By Andrew DeMillo
Associated Press
LITTLE ROCK, Ark. — An Arkansas police officer has been fired after video showed him beating a handcuffed inmate in the back of his patrol car, and the police chief says he will refer the case to prosecutors.
Jonesboro Police Chief Rick Elliott fired Officer Joseph Harris on Friday, the day after Harris was seen on his patrol car video punching, elbowing and slamming the car door on an inmate being transferred from a local hospital back to the county jail.
Elliott reviewed the video after receiving a complaint from the county sheriff’s office about the incident. The department also posted the video on its YouTube page and announced the officer’s firing.
“I was just shocked and appalled by (Harris’) actions,” Elliott told The Associated Press on Monday. “Based on that conduct, I’m not going to have it and I’m not going put up with it, and immediately terminated him.”

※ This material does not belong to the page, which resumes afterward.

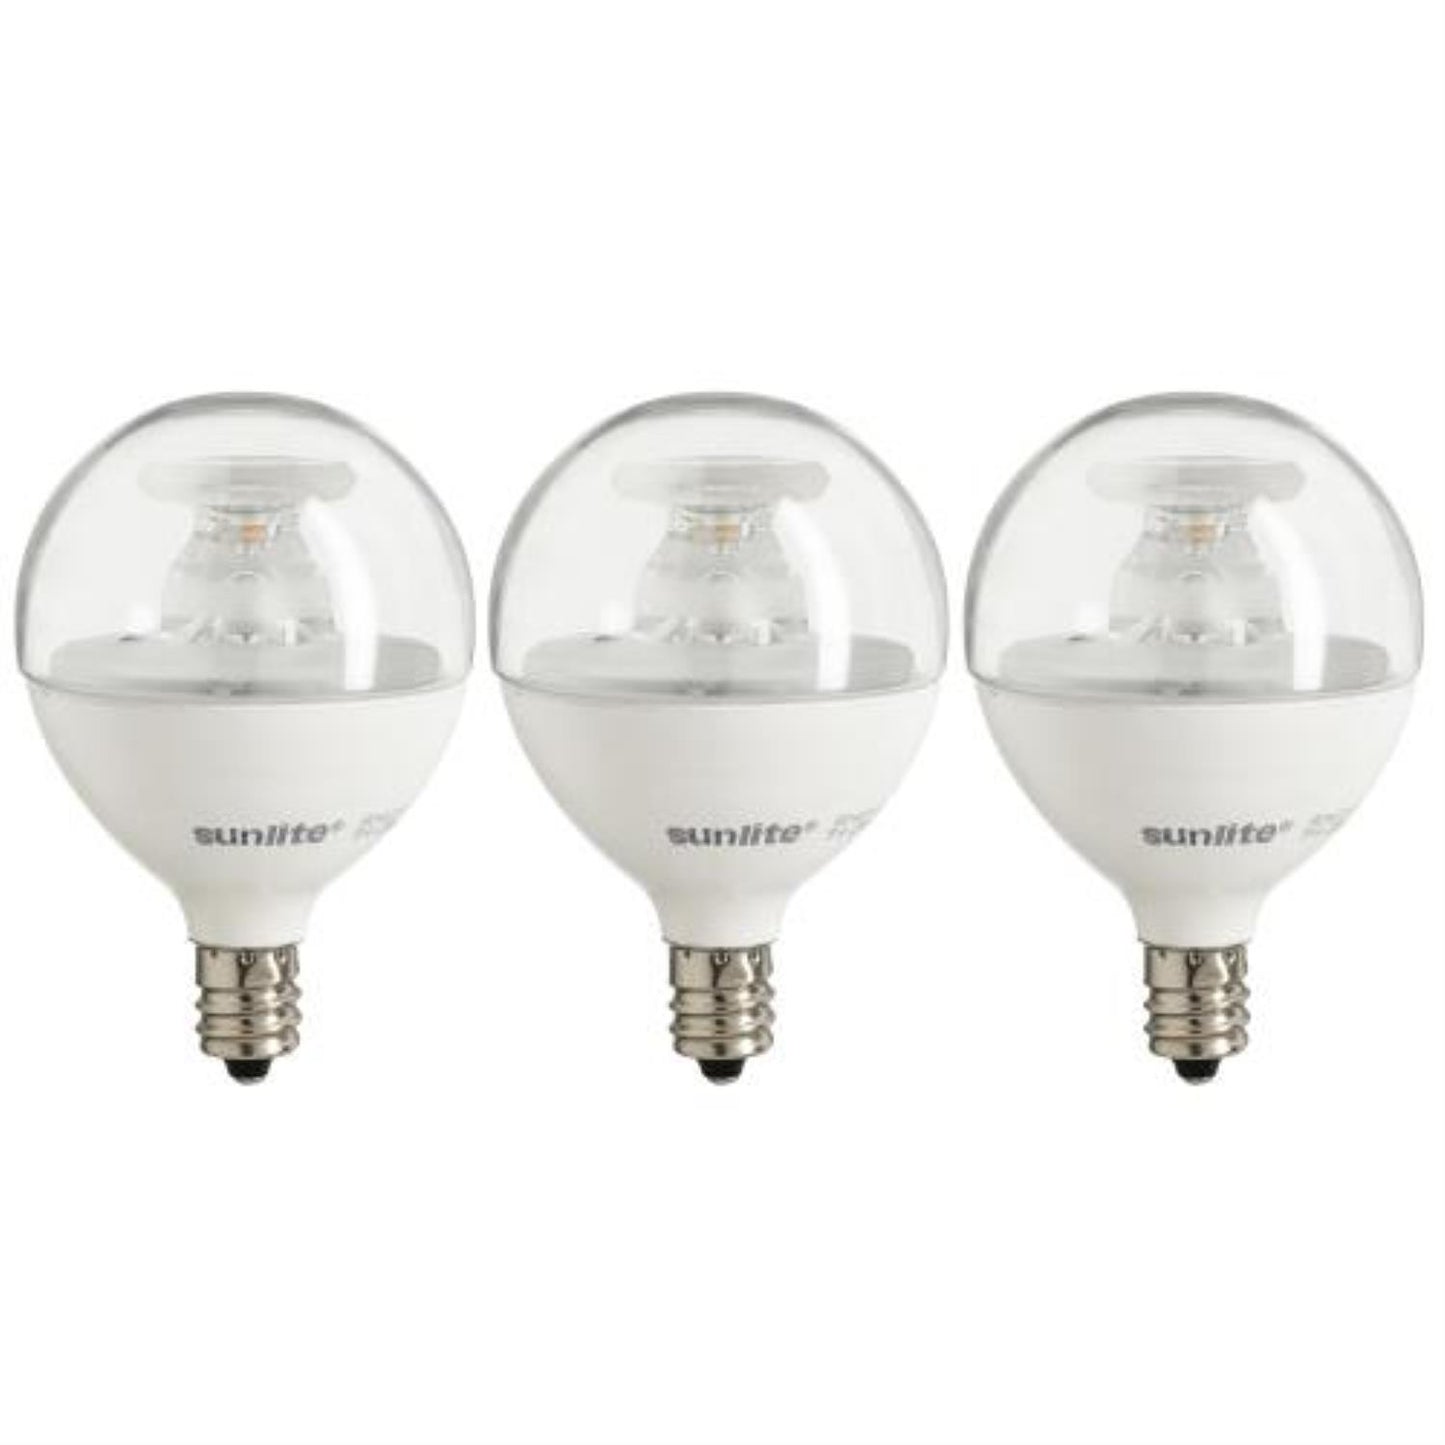 Sunlite LED G16.5 Globe 5W (40W Equal) Bulb Candelabra (E12) Base, Warm White

A phone number was not listed for Harris, who had worked for the department for the past five years.
Billy Lee Coram, the inmate in the back of the patrol car, is wearing a hospital gown and choking himself with a seatbelt wrapped his neck as the car is moving in the roughly 12-minute video. After the car pulls over, Harris opens the door and punches and elbows Coram several times in the face as he unwinds the belt.

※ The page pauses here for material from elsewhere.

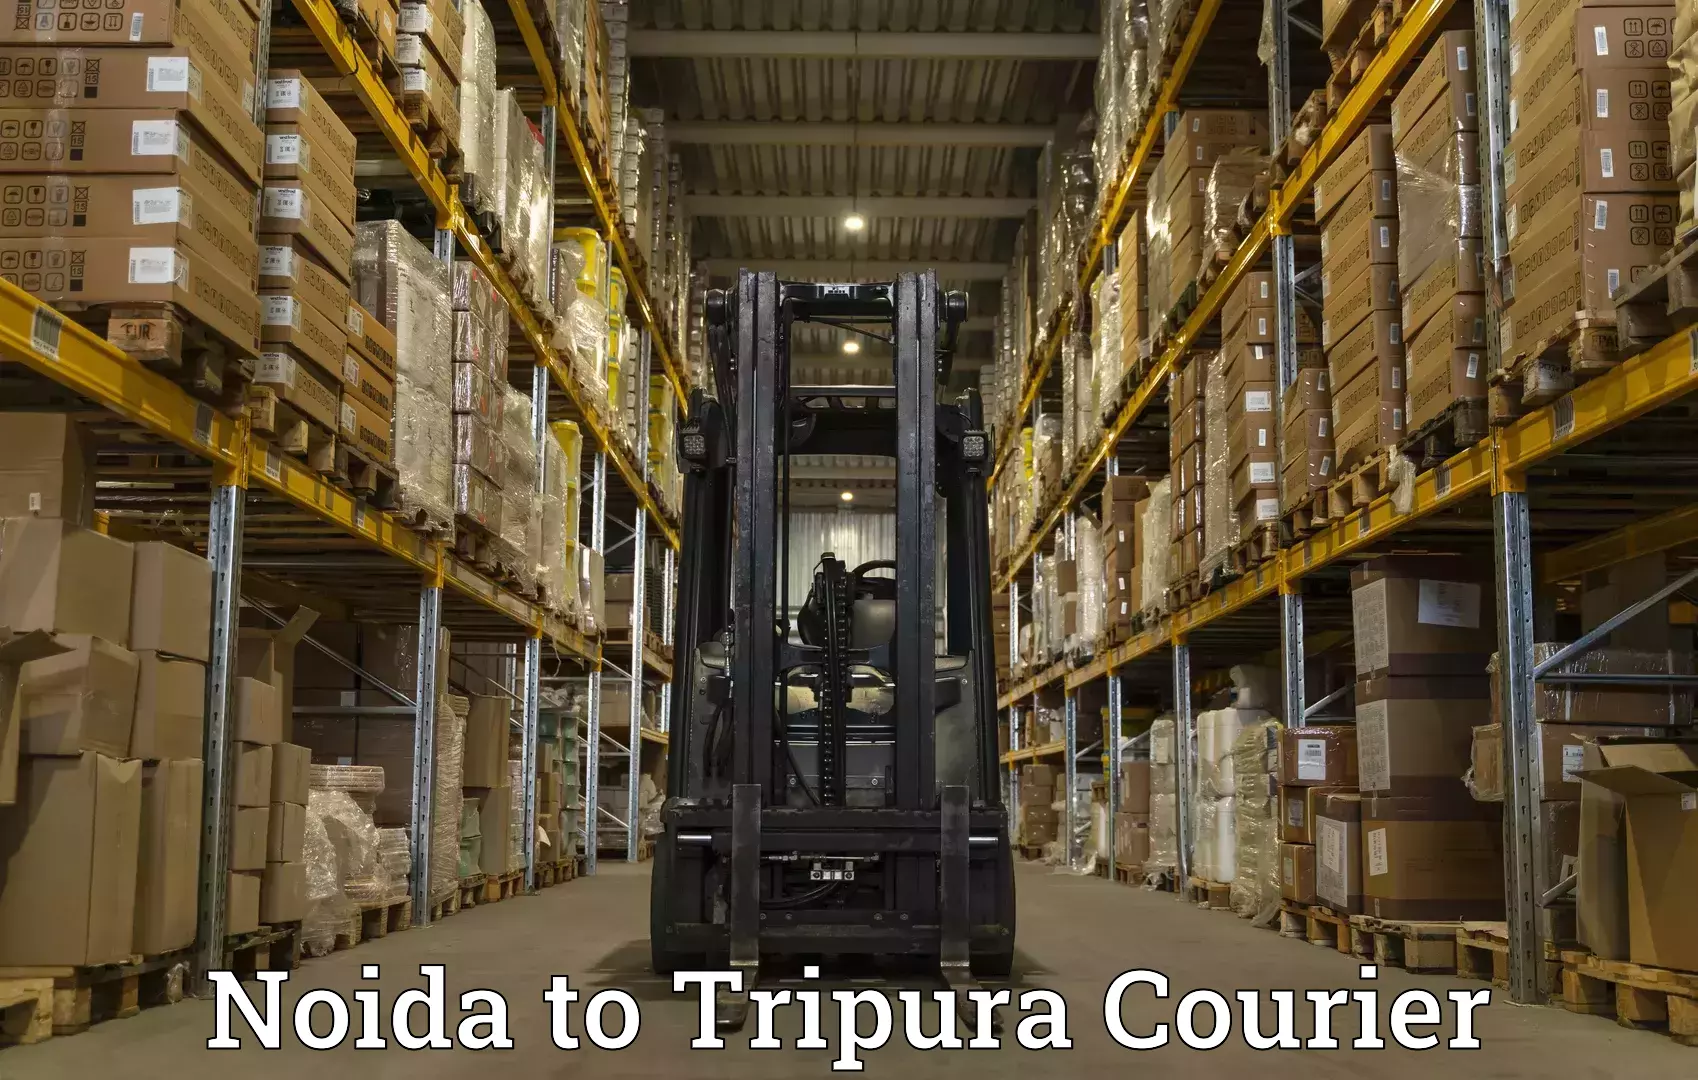 Logistics service provider Noida to Tripura

Harris later slams the car door against Coram’s head. Elliott said he didn’t know what injuries Coram sustained from the beating. Coram was being held at the Craighead County jail Monday on escape charges and was wanted on warrants from out of state.
Coram had been taken to the hospital after he told jail staff he had ingested fentanyl and had escaped the hospital. Harris had caught Coram and put him in his patrol car.

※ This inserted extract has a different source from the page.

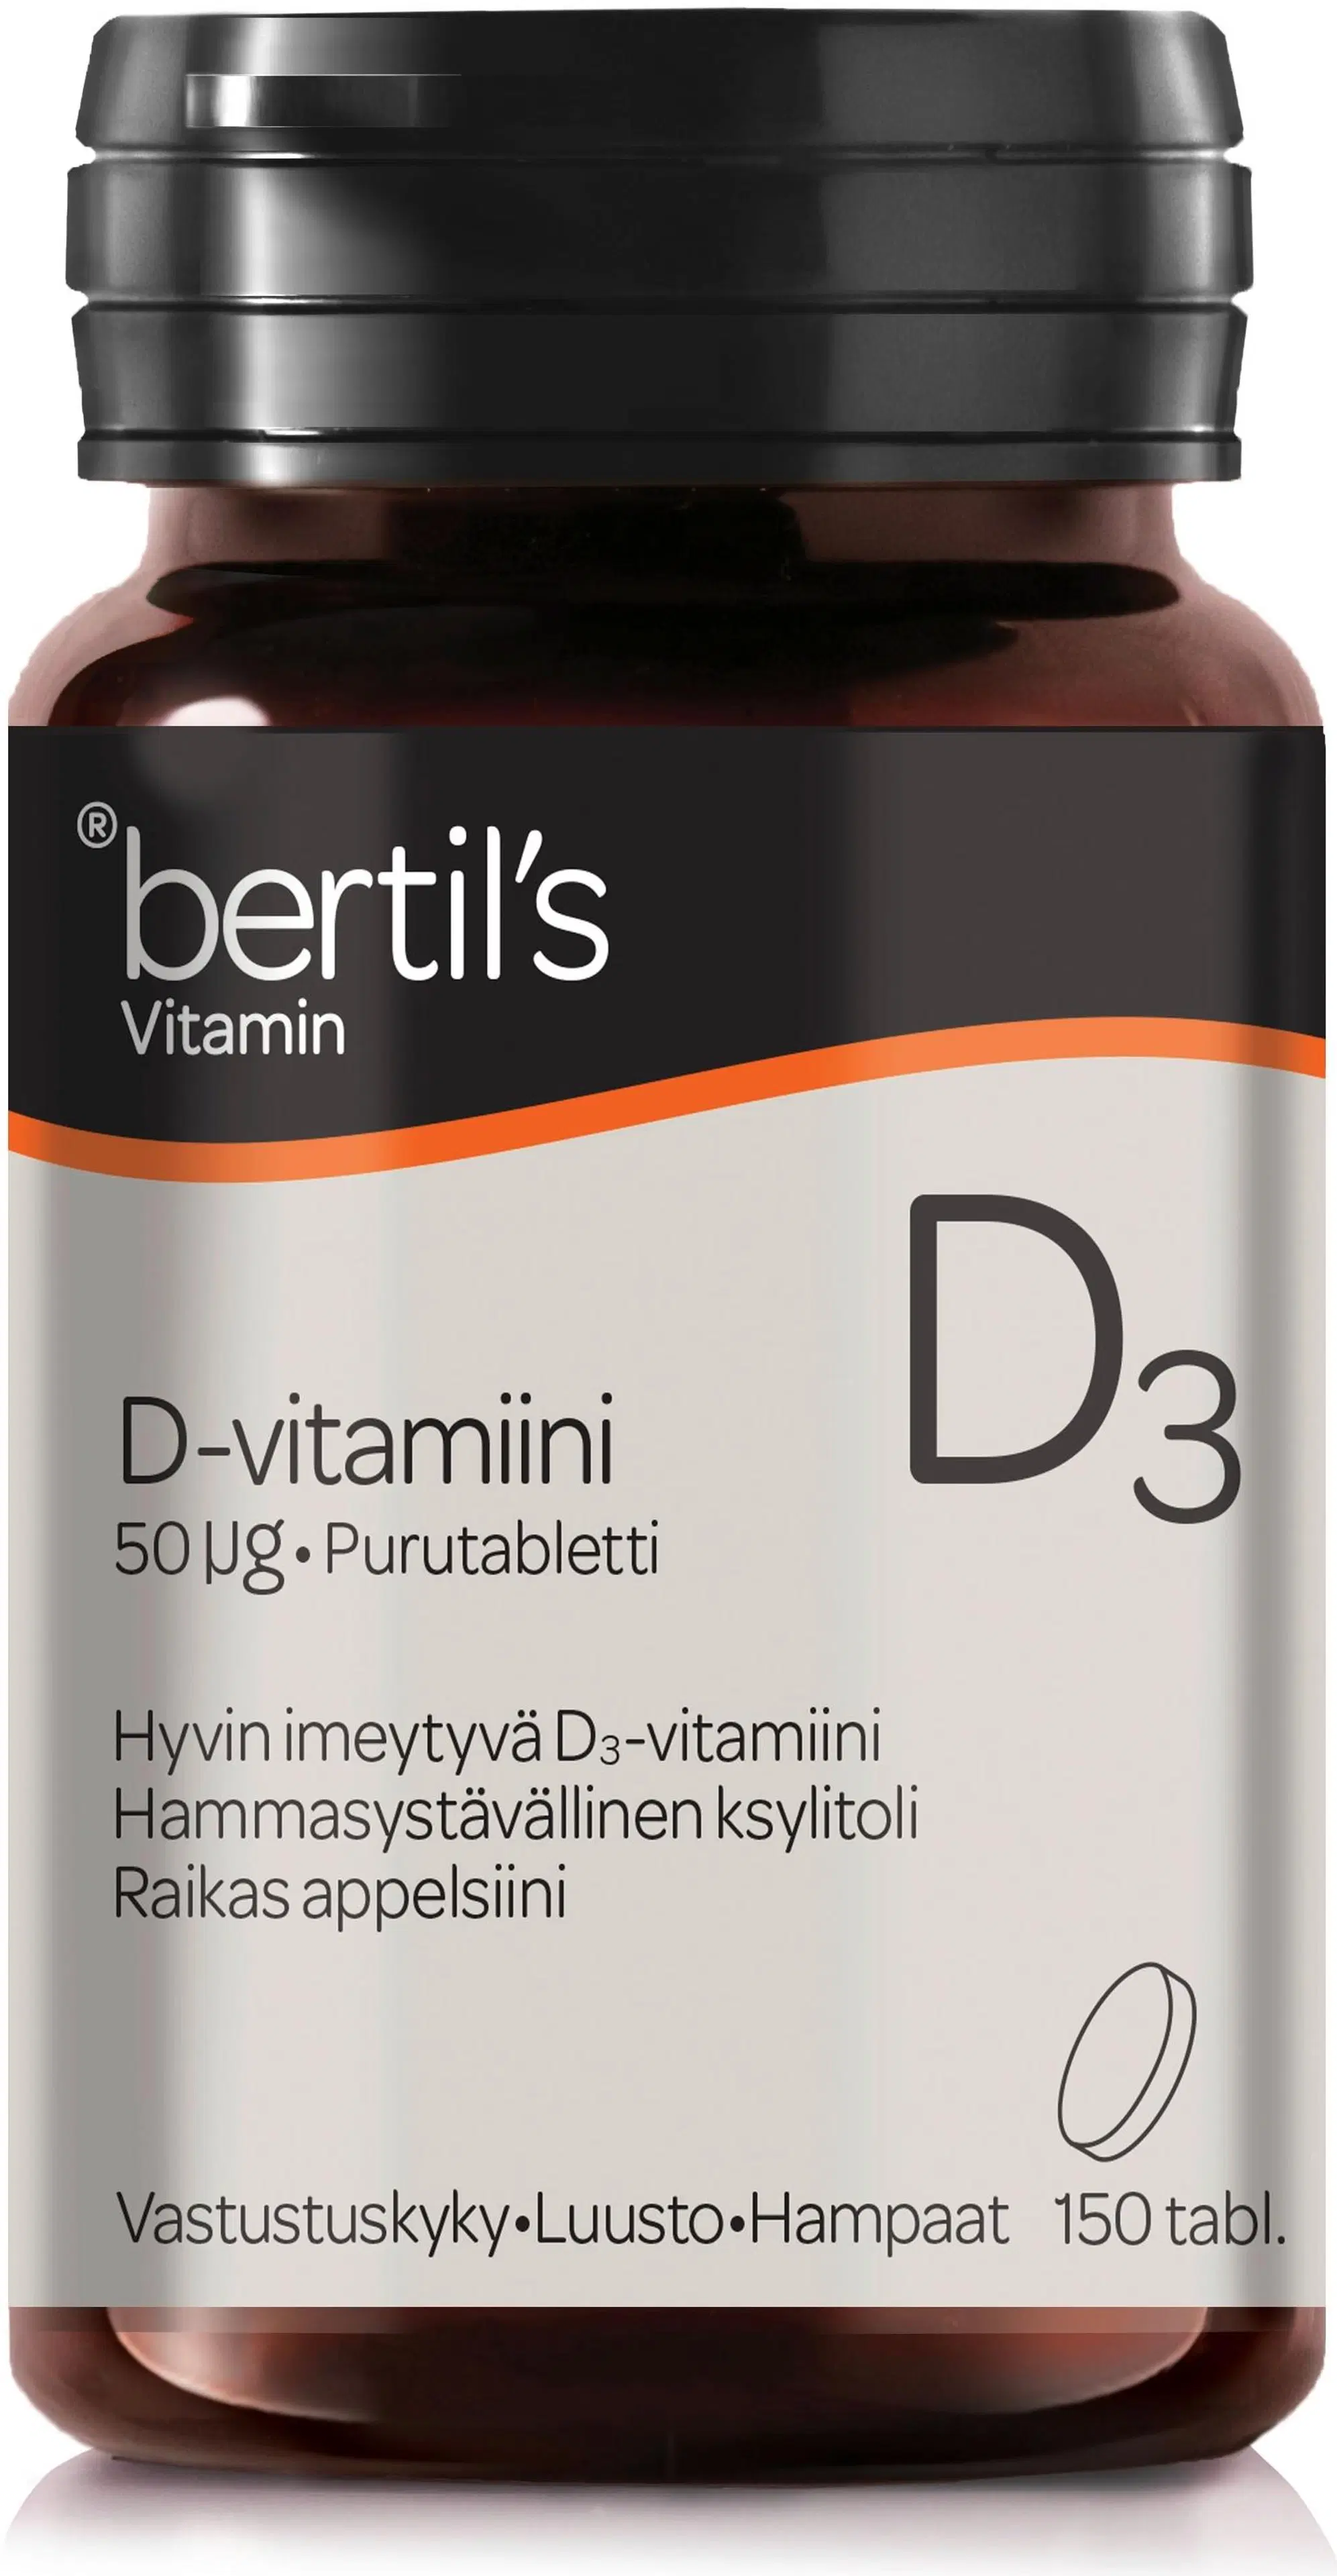 bertil's D3-vitamiini 50 mcg 150 tabl.

The jail did not return a message Monday afternoon, and no court date or attorney was listed for Coram.
Elliott said he will be referring the case to the local prosecutor and was putting together paperwork in the coming days to send to the prosecutor. The county prosecutor did not immediately return a call Monday.
Elliott also said he had contacted the FBI’s Little Rock office about the incident and will ask the state to decertify Harris as a police officer.
“Wrong is wrong. There’s not really anything to investigate,” he said.